Le 25 juin et le 1er décembre, un certain nombre de corps de métiers fêtent joyeusement la Saint-Éloi, qui, en dehors de son patronage bien connu des orfèvres et des métallurgistes, est surtout un protecteur de la ferme. A. van Gennep, le grand maître du folklore français, écrit à ce sujet : « Saint Éloi est aussi un saint agraire et pastoral important ... Les coutumes qui ont été organisées populairement autour de la Saint-Éloi d'hiver, le 1er décembre, sont, en règle générale, et sauf exceptions locales, plutôt corporatives qu'agraires ou pastorales, ce qui se comprend sans doute parce qu'à ce moment les travaux des champs sont arrêtés, les animaux sont rentrés dans les stables et les écuries, mais les artisans du fer, de la charronnerie, de la sellerie et bourrellerie, etc., sont au travail pour la préparation de ce dont leurs concitoyens auront besoin au printemps.

» Patron, surtout dans le Nord et en Provence, des « cultivateurs » non organisés en corporation, saint Éloi l'est à la fois de toutes leurs bêtes de trait et de somme, des équidés (chevaux, ânes, mulets) comme des bovins (bœufs, vaches), sinon partout, du moins dans certaines régions ou localités. »
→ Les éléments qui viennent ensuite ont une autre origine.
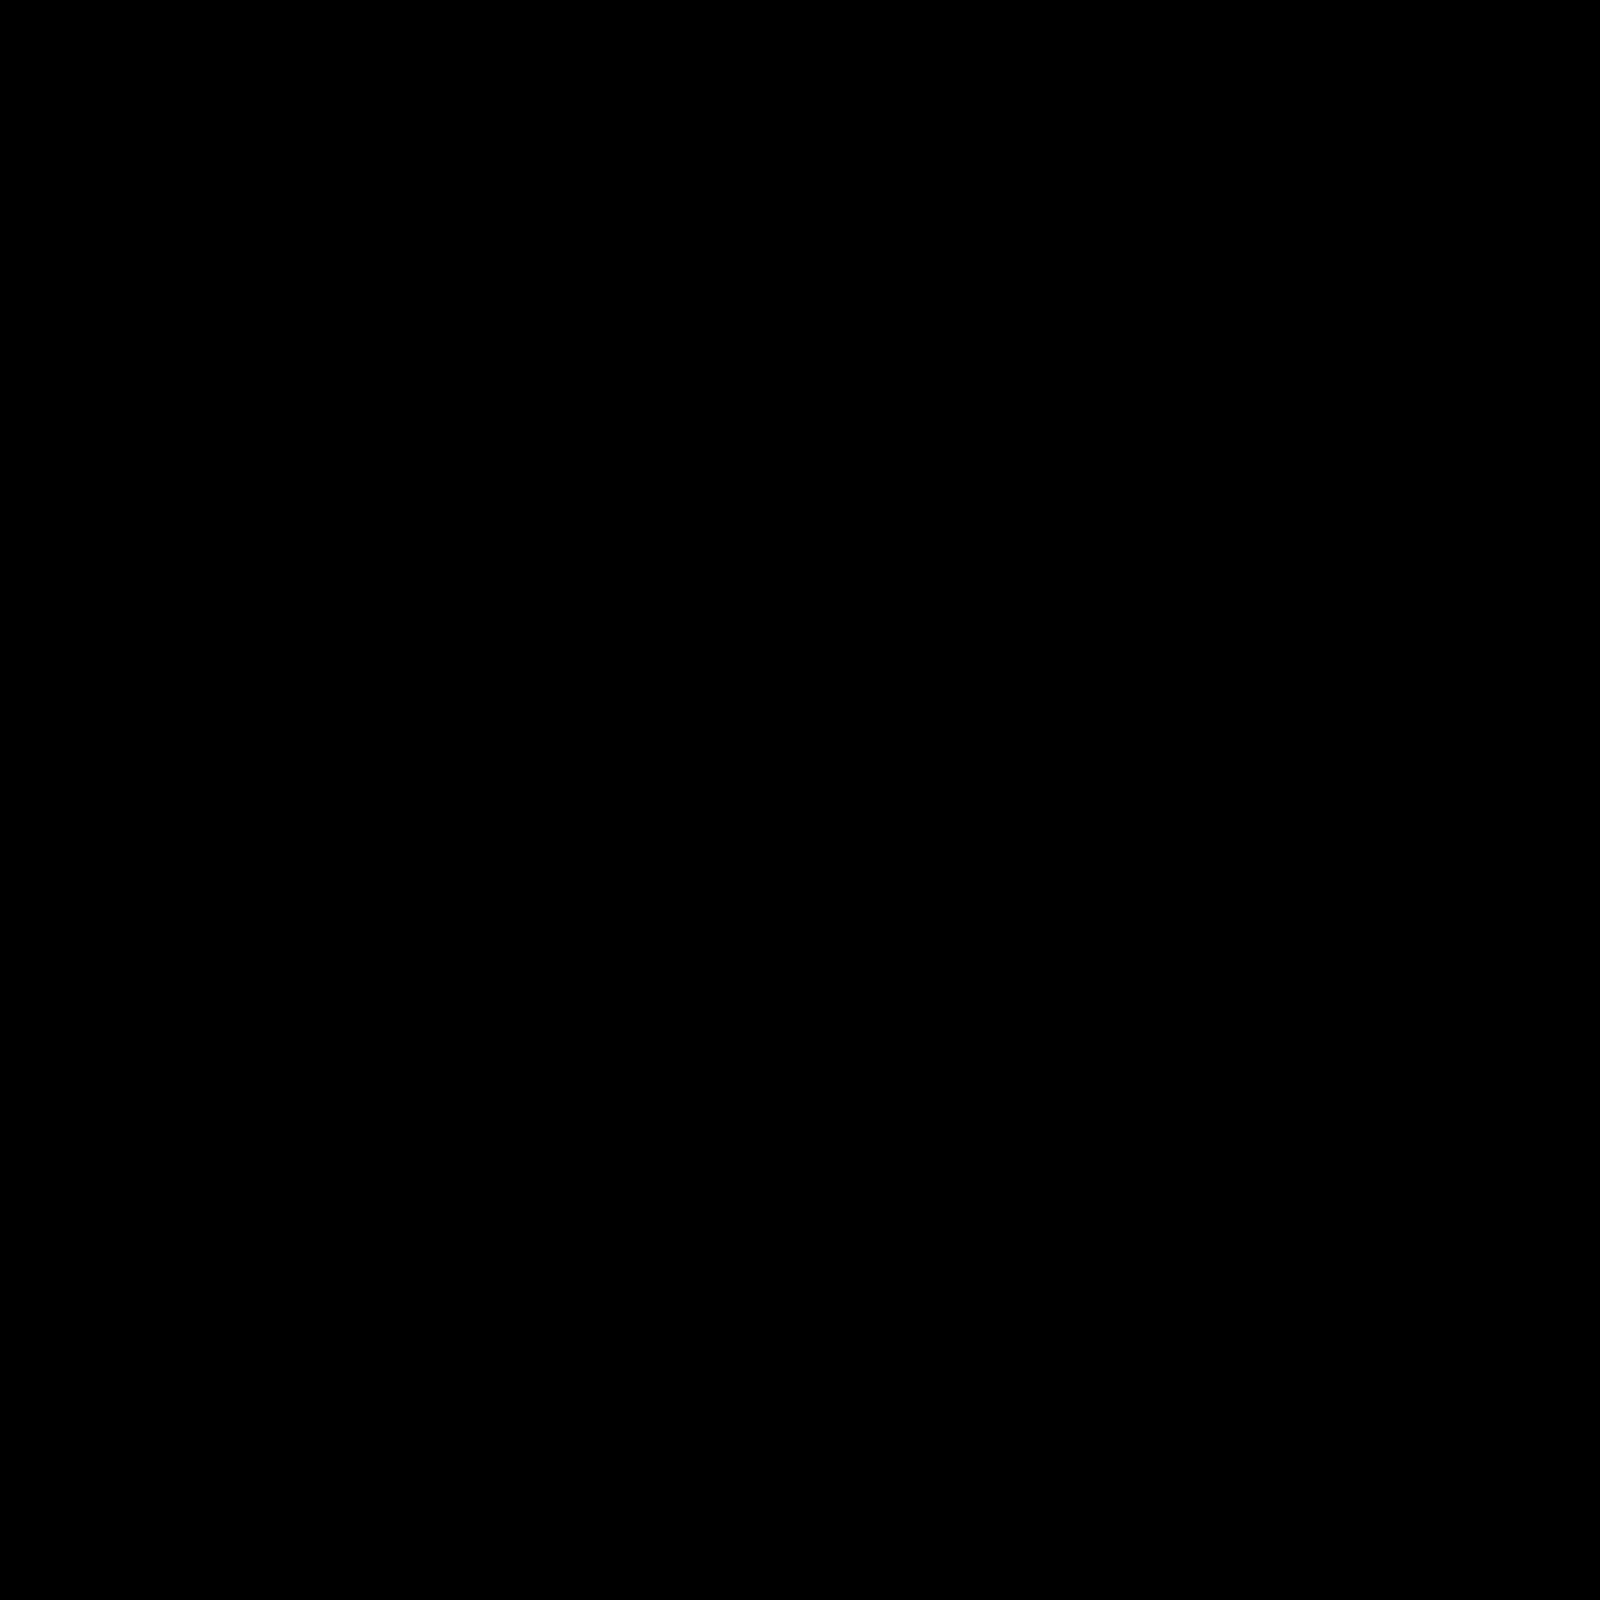 Label Printer Filled icon

Saint Éloi est, dans quelques-unes de nos provinces, le protecteur attitré du cheval, sans doute par suite d'une légende que l'on nous permettra de résumer brièvement. Un jour, Éloi, faisant son tour de France, s'établit en qualité de maréchal ferrant dans un village des environs de Limoges (on sait qu'il était de ce pays). Très orgueilleux, il mit à sa porte une enseigne portant ces mots : Éloi, maître de tous. Un soir, un jeune compagnon arriva et demanda au futur bienheureux de lui enseigner ce qu'il ignorait. Le maître lui montra alors son écriteau et lui ordonna de faire un fer à cheval en trois « chaudes ». L'inconnu le fit en une seule, au grand ébahissement du maréchal. À ce moment, survint un étranger qui voulait faire ferrer sa monture. Le mystérieux ouvrier prit une hachette, coupa le pied de la bête et tranquillement effectua son travail, puis recola le membre sectionné. L'apprenti, on l'a deviné, était Notre-Seigneur, qui voulait donner une leçon d'humilité à son disciple. Cette merveilleuse histoire explique sans doute pourquoi les métiers s'occupant du cheval se sont placés sous la divine protection de l'orfèvre royal.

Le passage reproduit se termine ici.